They mean a function that to each element assigns its equivalence class

oh ok thanks

If I have a bounded domain $D\subseteq \mathbb{R}^n$, $n>1$, and $U\subset D$ is a non-empty proper open subset, does it follow that $\partial U\cap D$ is infinite?

there is the trivial example of U=empty set.

Blitz

if you want a non trivial example, I have a question first, by domain do you mean that the set is closed or open or something?

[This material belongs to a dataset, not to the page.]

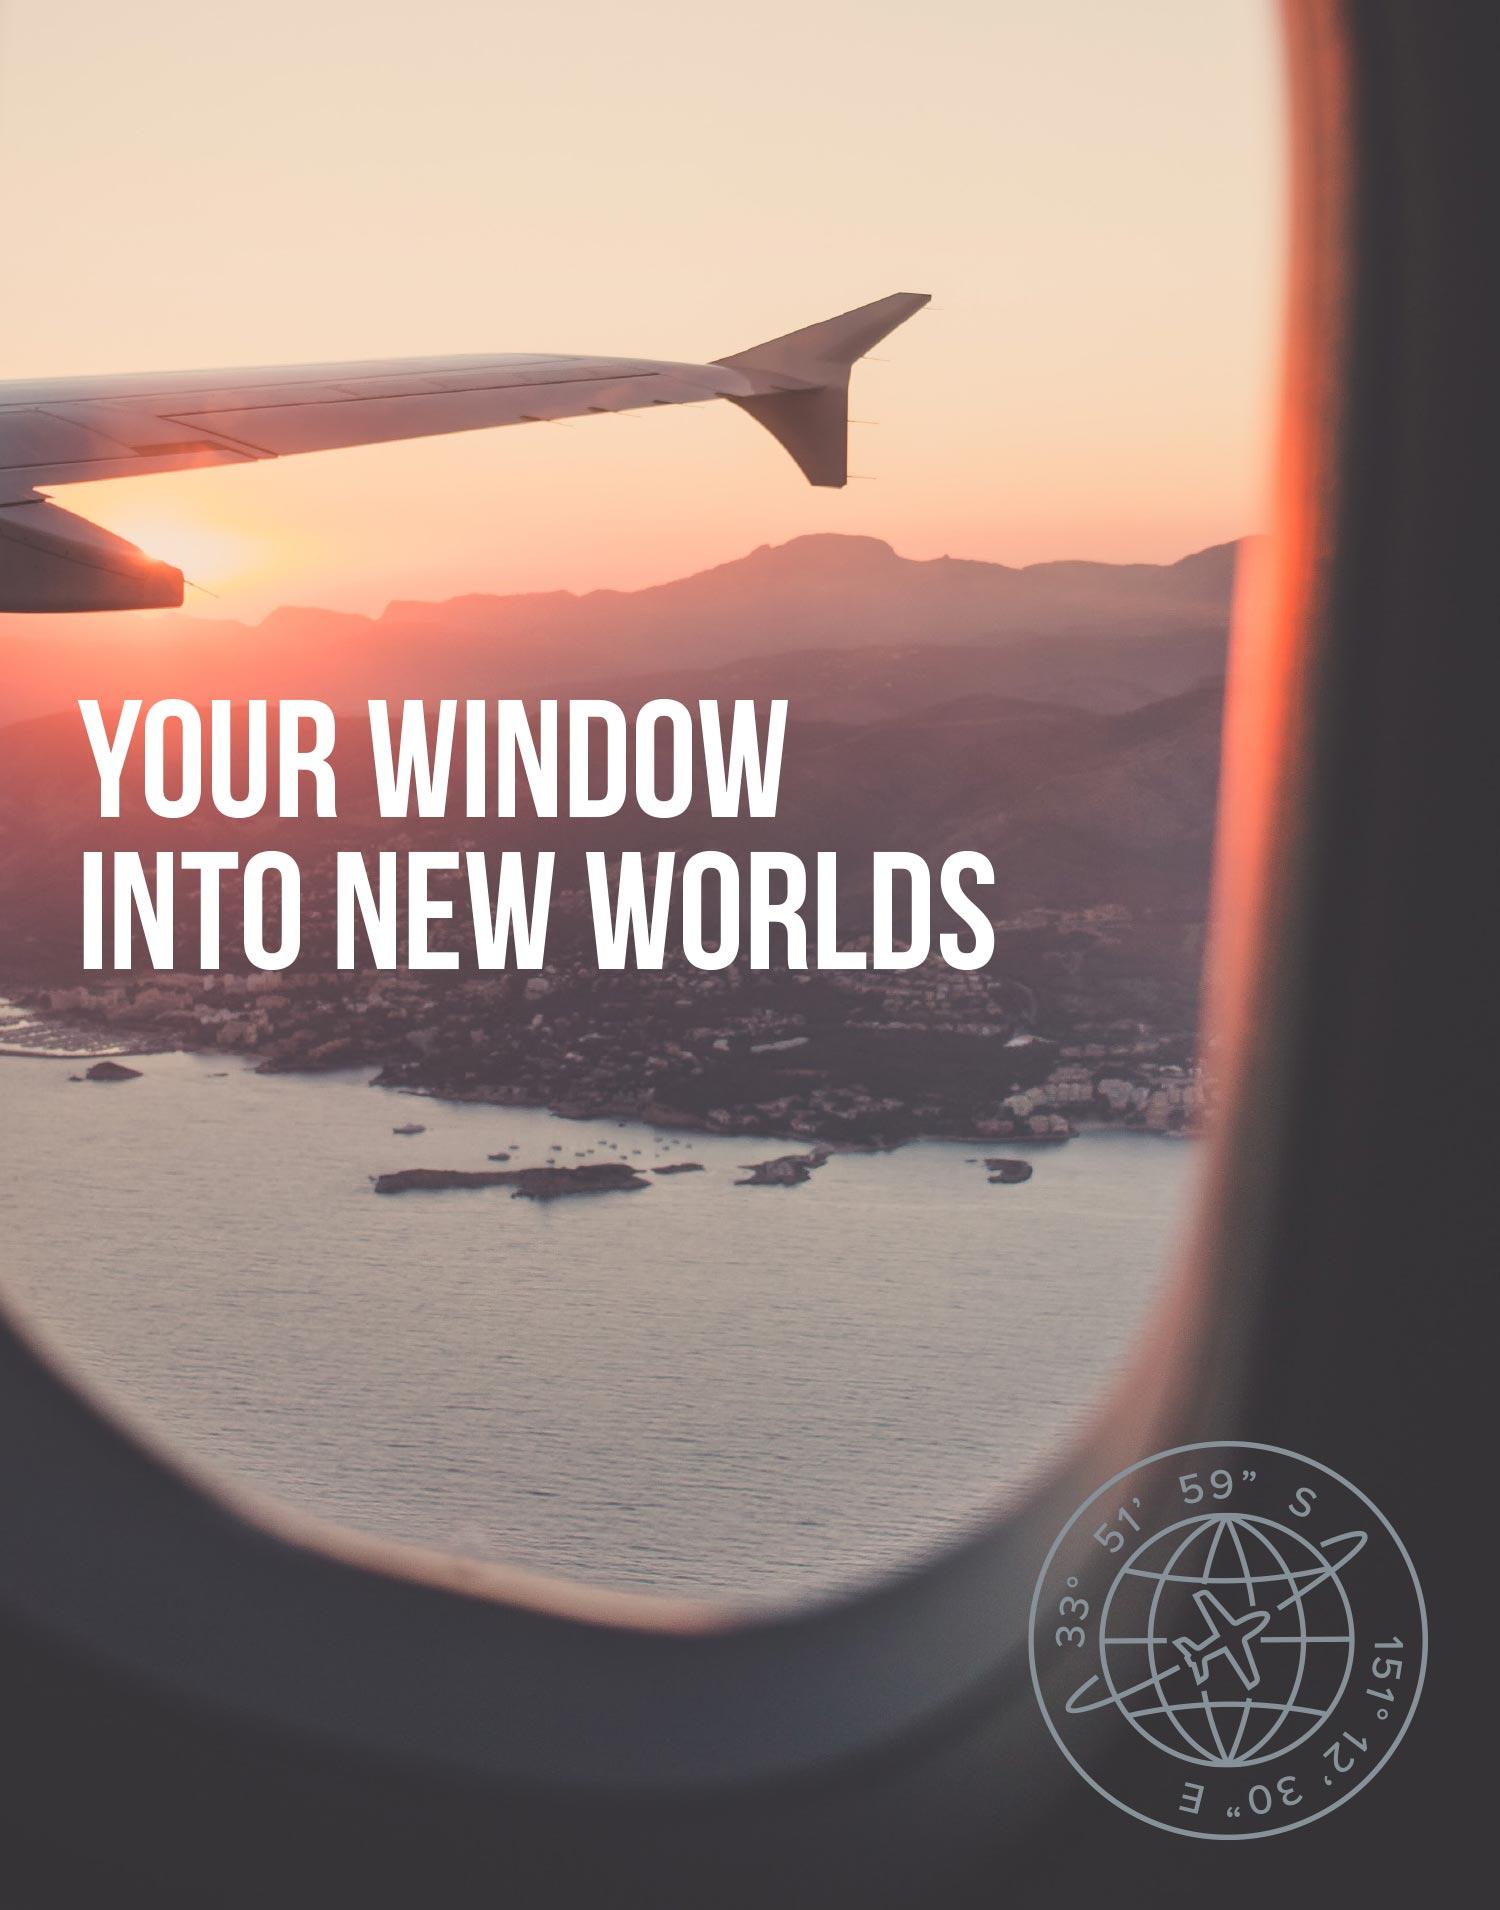 gilton-valeo-windows.jpg

If not then there are some other trivial counterexamples

domain is an open connected set

consider D=open unit ball, U=open unit ball\{(0,0)} in R^2. The only element of D \cap \partial U should be the origin

yeah... I need to think about this question further

interesting use of int there

Damn

Hey, I'm trying to learn about model categories. Does anyone have any recommendations? For reference, I know the basic definitions of category theory and have completed my school's graduate algebraic topology sequence (fundamental group, homology, cohomology, basic homotopy theory)

Does algebraic intersection mumber assume minimal position?

Or, rather, is algebraic intersection number "position" invariant

I would suppose so, that homotoping intersections away will be "accounted for" by cancelation of sign for the bigon that is removed

Emily riehl has a 60 page short intro to it which is pretty neat

https://arxiv.org/pdf/1904.00886.pdf

If someone is familiar with homotopy theory can you please have a look at this? I think I am quite close but can’t get the last piece together. https://math.stackexchange.com/questions/4452541/homotopy-fiber-of-of-map-s2-to-mathbbcp-infty-is-homotopy-equivalent-t

So the map here is given by taking a generator of pi_3(F_f) = Z under the isomorphism of that group with pi_3(S^2), right? then it corresponds under the isomorphism to the hopf fibration, meaning if the map S^3 -> F_f is named, say, g, then g composed with the inclusion has the same homotopy type as the hopf fibration S^3 -> S^2. so then we can apply pi_n to get a commutative diagram. for n > 2 the diagonal and horizontal maps are both isomorphisms so the vertical map is too. for n = 1 or 2 the homotopy groups of the fiber and S^3 are both 0

so this induces isomorphisms on all homotopy groups and by whiteheads theorem you get a homotopy equivalence

Hello, I have a question or two about deformation retracts

Firstly, is the singleton a deformation retract of any space? What if the singleton is not in the space? (e.g. the singleton {0} with the open interval (1, 2) that has the subspace topology on R)

Any non-empty space*

well it has to be in our space

if a singleton is a deformation retract of your space then that space is necessarily contractible

Thanks, have seen almost everywhere assuming it is but nowhere stating this assumption beyond the definition, and was worried about my interpretation of the definition

and so every singleton is a deformation retract of such space as well

Right, then similar to that logic, a connected space with 1 component is only contractible to 1 singleton right, not 2 or more singletons, for example

All singleton spaces are homeomorphic, so any non empty space contains the singleton

a connected space cannot have more than 1 components, that's kind of what it means to be connected

a connected space doesn't have to be contractible

Thanks for helping my sanity check

I've got a few more questions, if you don't mind

what it means to be contractible is that there is a contraction, so a homotopy which sends the identity map to a point

so the space "gets contracted"

Right, I follow that logic

First is, S^1 (and the family of S^n, in general) is not contractible to the singleton, right?

ye

S^n isn't contractible for any n

Other than n = infinity

I'm not sure what that would be

Okay, so for finite n I suppose

I don't have an intuition of that either but it's chill

sphere in l^2 ?

Direct limit of the S^n

Then my other question is a bit more specific

Can projective spaces contract to each other?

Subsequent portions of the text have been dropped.